Comparison of the Biochemical Properties and Roles in the Xyloglucan-Rich Biomass Degradation of a GH74 Xyloglucanase and Its CBM-Deleted Variant from Thielavia terrestris

Beibei Wang  1 Kaixiang Chen  1 Peiyu Zhang  1 Liangkun Long  1 Shaojun Ding  1
Affiliations

Comparison of the Biochemical Properties and Roles in the Xyloglucan-Rich Biomass Degradation of a GH74 Xyloglucanase and Its CBM-Deleted Variant from Thielavia terrestris

Beibei Wang et al. Int J Mol Sci. .

Abstract

Xyloglucan is closely associated with cellulose and still retained with some modification in pretreated lignocellulose; however, its influence on lignocellulose biodegradation is less understood. TtGH74 from Thielavia terrestris displayed much higher catalytic activity than previously characterized fungal GH74 xyloglucanases. The carbohydrate-binding module 1 (CBM1) deleted variant (TtGH74ΔCBM) had the same optimum temperature and pH but an elevated thermostability. TtGH74 displayed a high binding affinity on xyloglucan and cellulose, while TtGH74ΔCBM completely lost the adsorption capability on cellulose. Their hydrolysis action alone or in combination with other glycoside hydrolases on the free xyloglucan, xyloglucan-coated phosphoric acid-swollen cellulose or pretreated corn bran and apple pomace was compared. CBM1 might not be essential for the hydrolysis of free xyloglucan but still effective for the associated xyloglucan to an extent. TtGH74 alone or synergistically acting with the CBH1/EG1 mixture was more effective in the hydrolysis of xyloglucan in corn bran, while TtGH74ΔCBM showed relatively higher catalytic activity on apple pomace, indicating that the role and significance of CBM1 are substrate-specific.
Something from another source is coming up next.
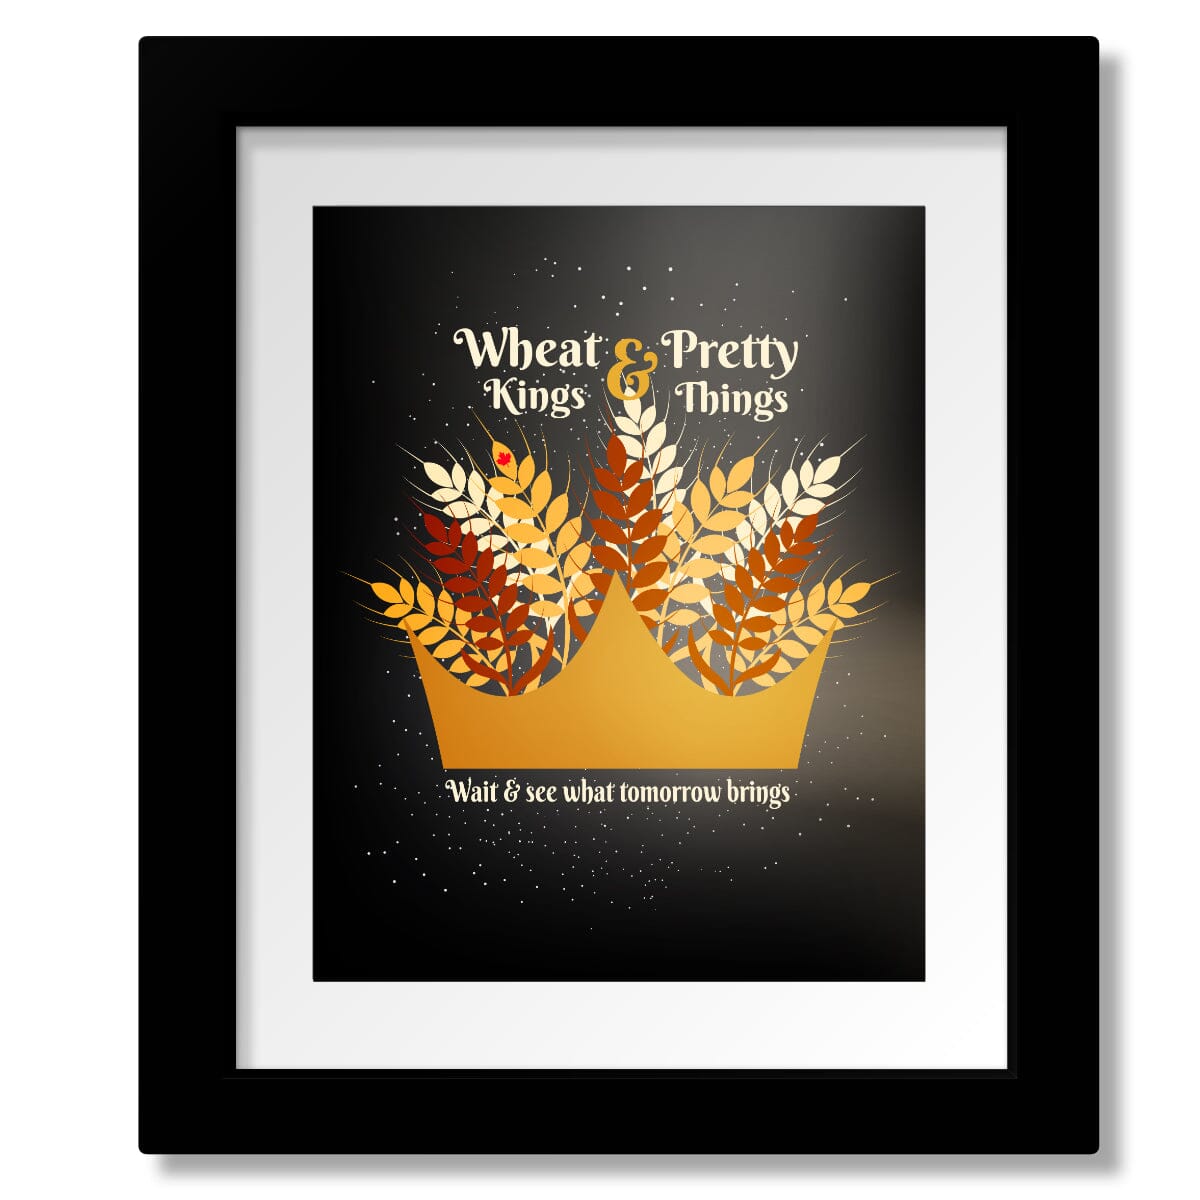 Wheat Kings by Tragically Hip - Lyric Inspired Music Print Song Lyrics Art Song Lyrics Art 8x10 Matted and Framed Print

The degrees of synergy for TtGH74 or TtGH74ΔCBM with the CBH1/EG1 mixture reached 1.22-2.02. The addition of GH10 xylanase in TtGH74 or the TtGH74ΔCBM/CBH1/EG1 mixture further improved the overall hydrolysis efficiency, and the degrees of synergy were up to 1.50-2.16.

Keywords: Thielavia terrestris; Xyloglucan; family 1 carbohydrate-binding module (CBM1); glycoside hydrolase family 74 (GH74) xyloglucanase; lignocellulosic biomass; synergism.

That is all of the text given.